From: Yonghong Song <yonghong.song@linux.dev>
To: Andrii Nakryiko <andrii.nakryiko@gmail.com>
Cc: bpf@vger.kernel.org, Alexei Starovoitov <ast@kernel.org>,
Andrii Nakryiko <andrii@kernel.org>,
Daniel Borkmann <daniel@iogearbox.net>,
Jakub Sitnicki <jakub@cloudflare.com>,
John Fastabend <john.fastabend@gmail.com>,
kernel-team@fb.com, Martin KaFai Lau <martin.lau@kernel.org>
Subject: Re: [PATCH bpf-next v4 1/5] bpf: Add bpf_link support for sk_msg and sk_skb progs
Date: Fri, 5 Apr 2024 22:21:19 -0700 [thread overview]
Message-ID: <bbfb67d2-2674-41ed-a748-eb364fd22146@linux.dev> (raw)
In-Reply-To: <CAEf4Bza+V-DerE=Y2cuNNYgyv0jv0b4RH2r3gXt9=uzZzA2JTQ@mail.gmail.com>
On 4/5/24 1:12 PM, Andrii Nakryiko wrote:
> On Wed, Apr 3, 2024 at 7:53 PM Yonghong Song <yonghong.song@linux.dev> wrote:
>> Add bpf_link support for sk_msg and sk_skb programs.

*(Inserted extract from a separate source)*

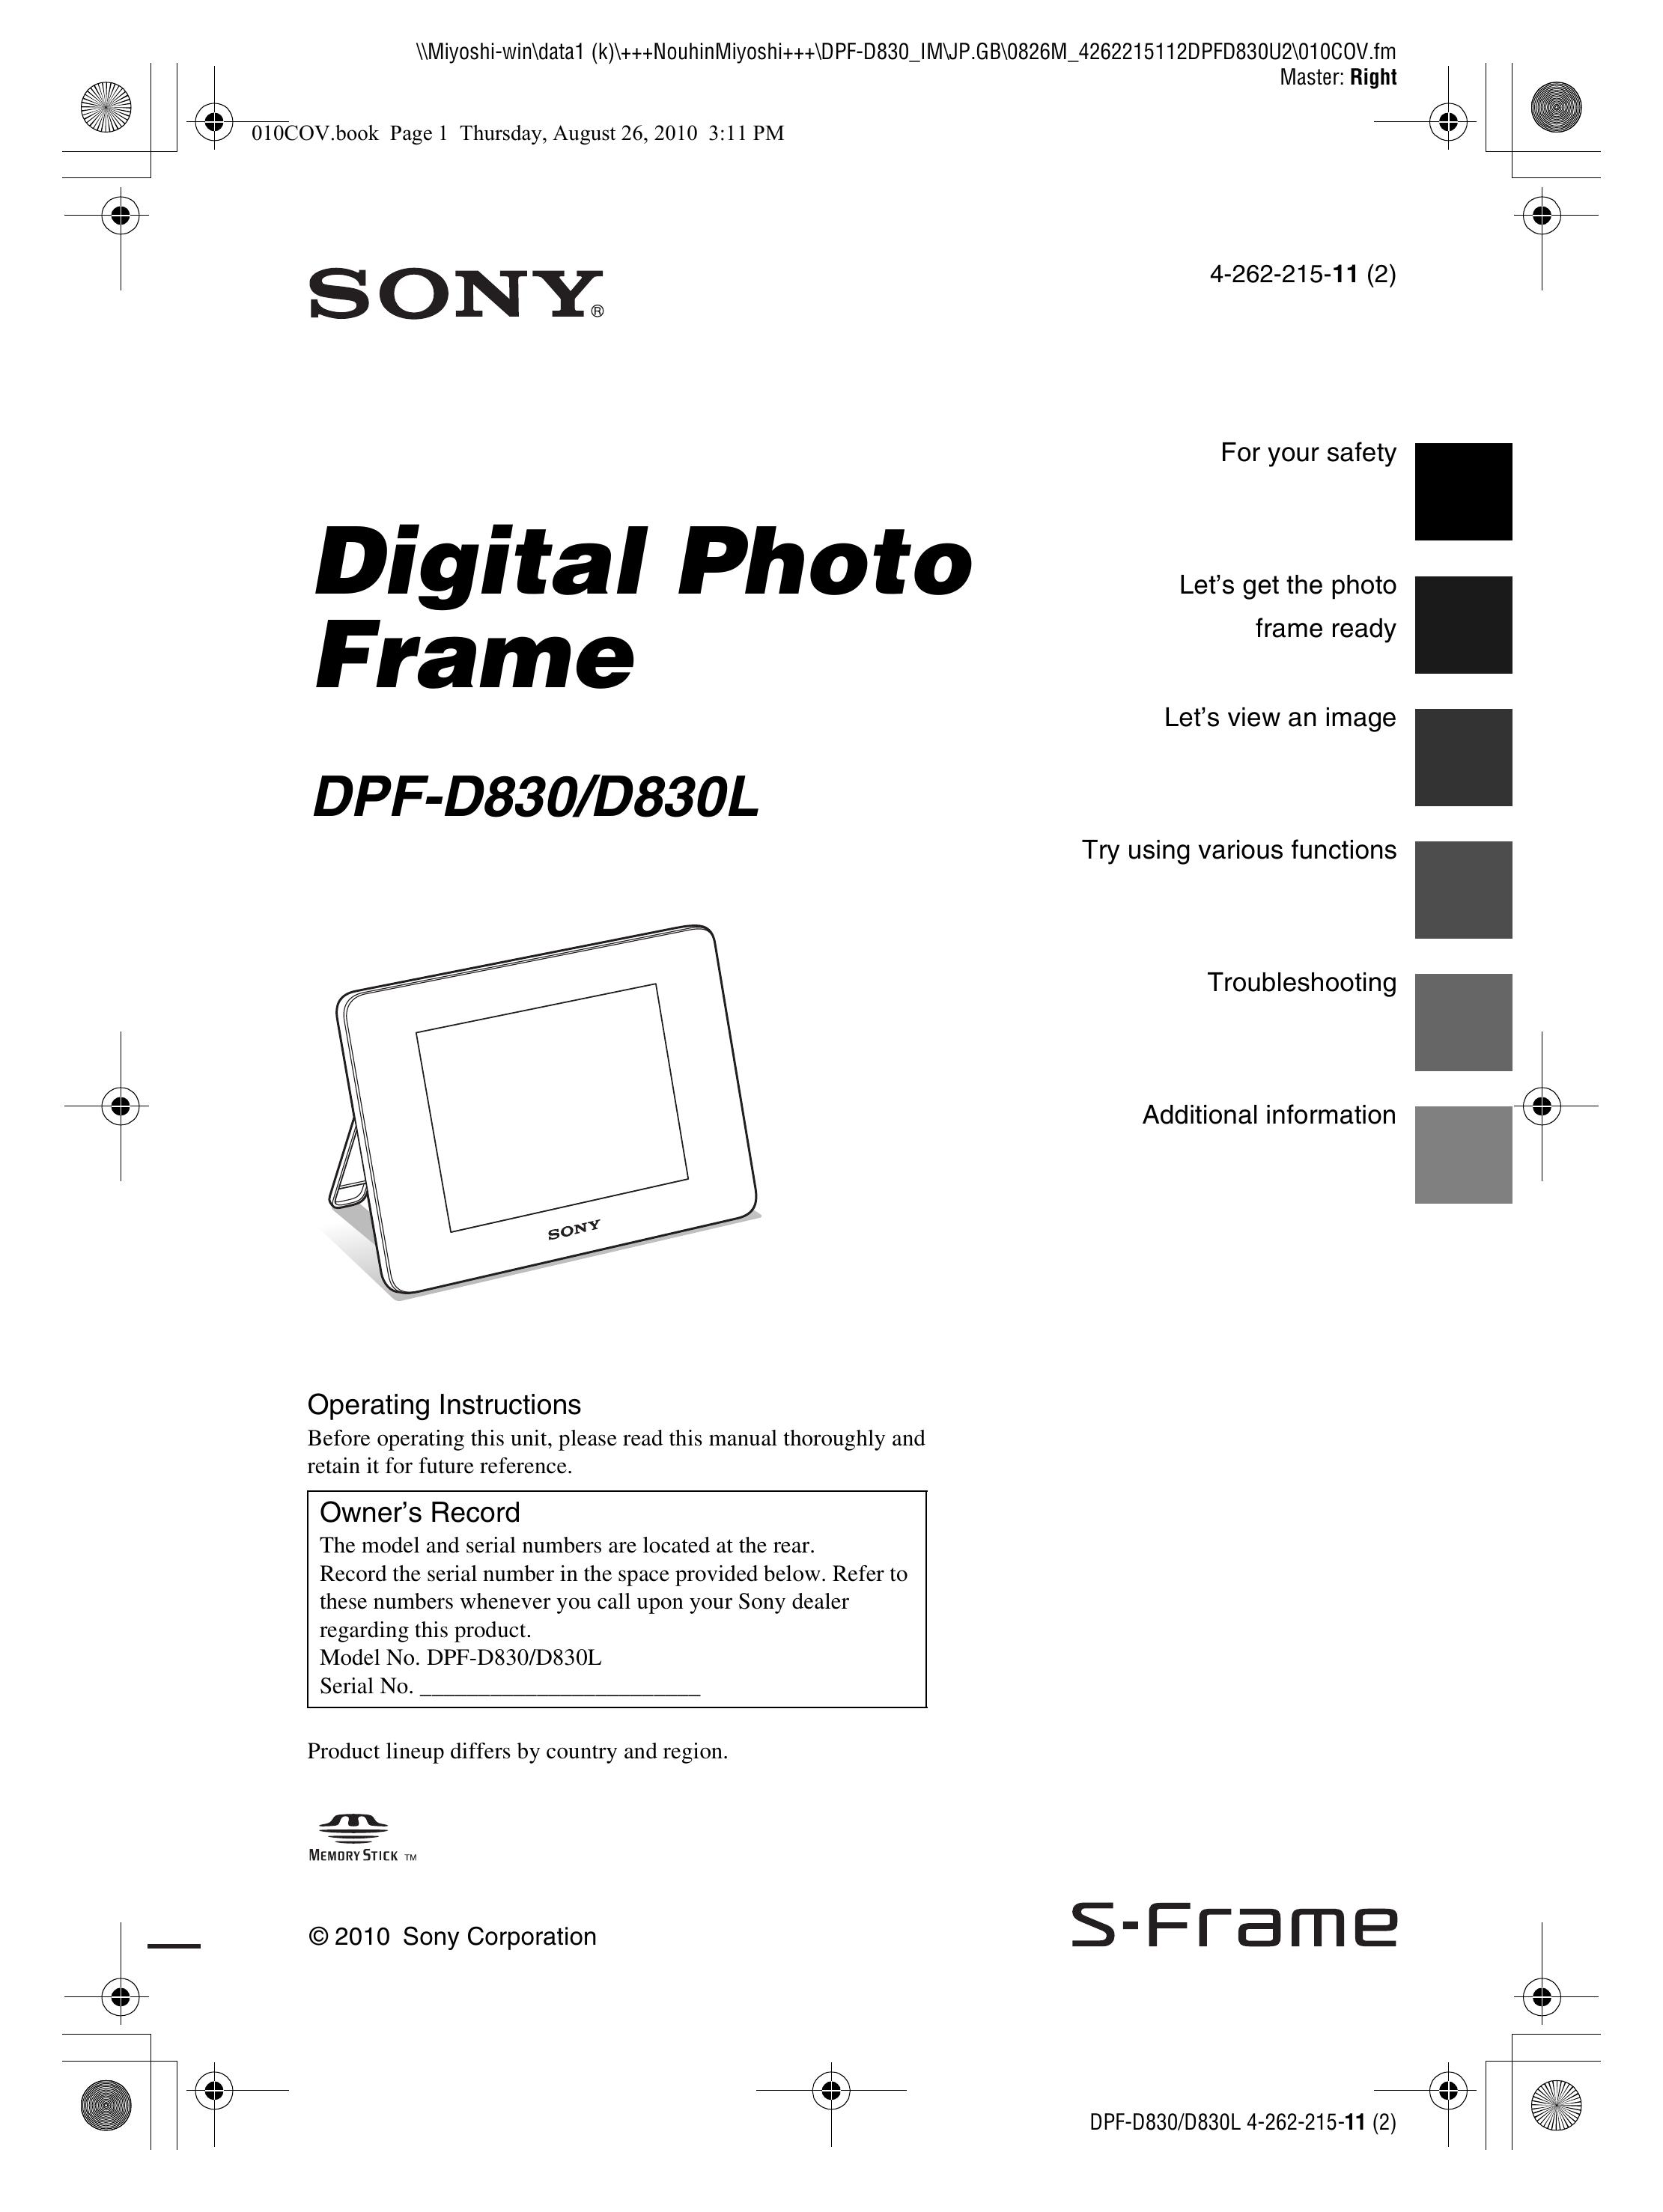 Sony DPF-D830 Digital Photo Frame User Manual
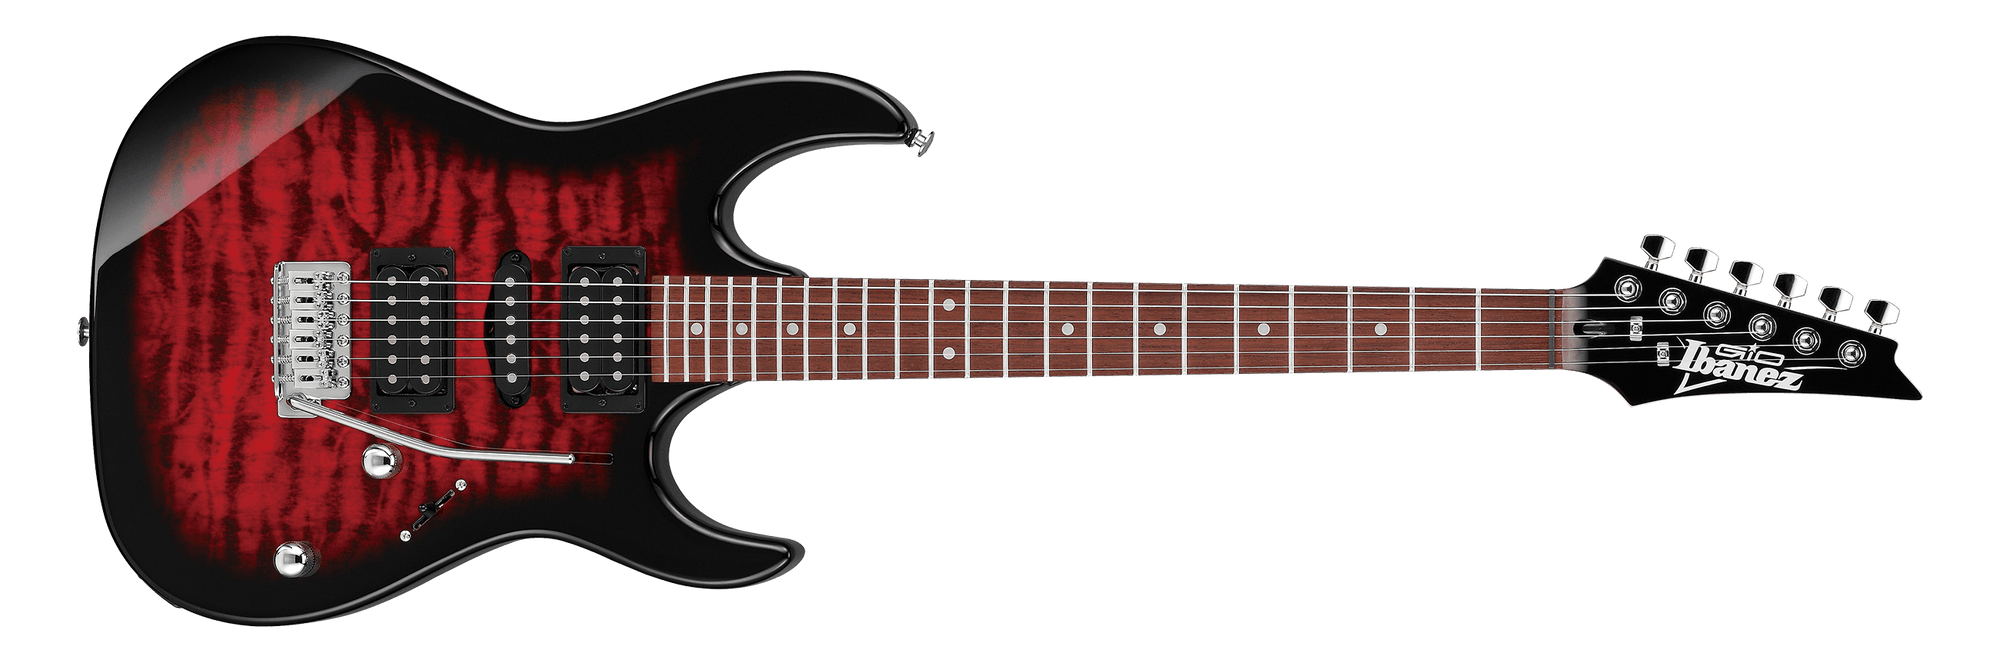 GRX70QATRB Electric Guitar, Transparent Red Burst

We have an
>> internal request to support bpf_link for sk_msg programs so user
>> space can have a uniform handling with bpf_link based libbpf
>> APIs. Using bpf_link based libbpf API also has a benefit which
>> makes system robust by decoupling prog life cycle and
>> attachment life cycle.
>>
>> Signed-off-by: Yonghong Song <yonghong.song@linux.dev>
>> ---
>> include/linux/bpf.h | 6 +
>> include/linux/skmsg.h | 4 +
>> include/uapi/linux/bpf.h | 5 +
>> kernel/bpf/syscall.c | 4 +
>> net/core/sock_map.c | 268 ++++++++++++++++++++++++++++++++-
>> tools/include/uapi/linux/bpf.h | 5 +
>> 6 files changed, 284 insertions(+), 8 deletions(-)
>>
> [...]
>
>> @@ -103,7 +111,7 @@ int sock_map_prog_detach(const union bpf_attr *attr, enum bpf_prog_type ptype)
>> goto put_prog;
>> }
>>
>> - ret = sock_map_prog_update(map, NULL, prog, attr->attach_type);
>> + ret = sock_map_prog_update(map, NULL, prog, NULL, attr->attach_type);
>> put_prog:
>> bpf_prog_put(prog);
>> put_map:
>> @@ -1488,21 +1496,79 @@ static int sock_map_prog_lookup(struct bpf_map *map, struct bpf_prog ***pprog,
>> return 0;
>> }
>>
>> +static int sock_map_link_lookup(struct bpf_map *map, struct bpf_link ***plink,
>> + struct bpf_link *link, bool skip_check, u32 which)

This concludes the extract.